■ **MATERIAL PROVIDED**
╭──

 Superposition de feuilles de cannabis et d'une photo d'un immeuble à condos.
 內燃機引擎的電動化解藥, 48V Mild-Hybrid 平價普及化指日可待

╰──
╭──

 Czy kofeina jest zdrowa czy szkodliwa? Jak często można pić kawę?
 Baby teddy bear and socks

╰──

■ **EXERCISE DIRECTIONS**
Reproduce word for word the material above, beginning with the line that contains "Czy kofeina jest" and ending with the line that contains "Baby teddy bear and socks".

■ **RESULT OF THIS TASK**
 Czy kofeina jest zdrowa czy szkodliwa? Jak często można pić kawę?
 Baby teddy bear and socks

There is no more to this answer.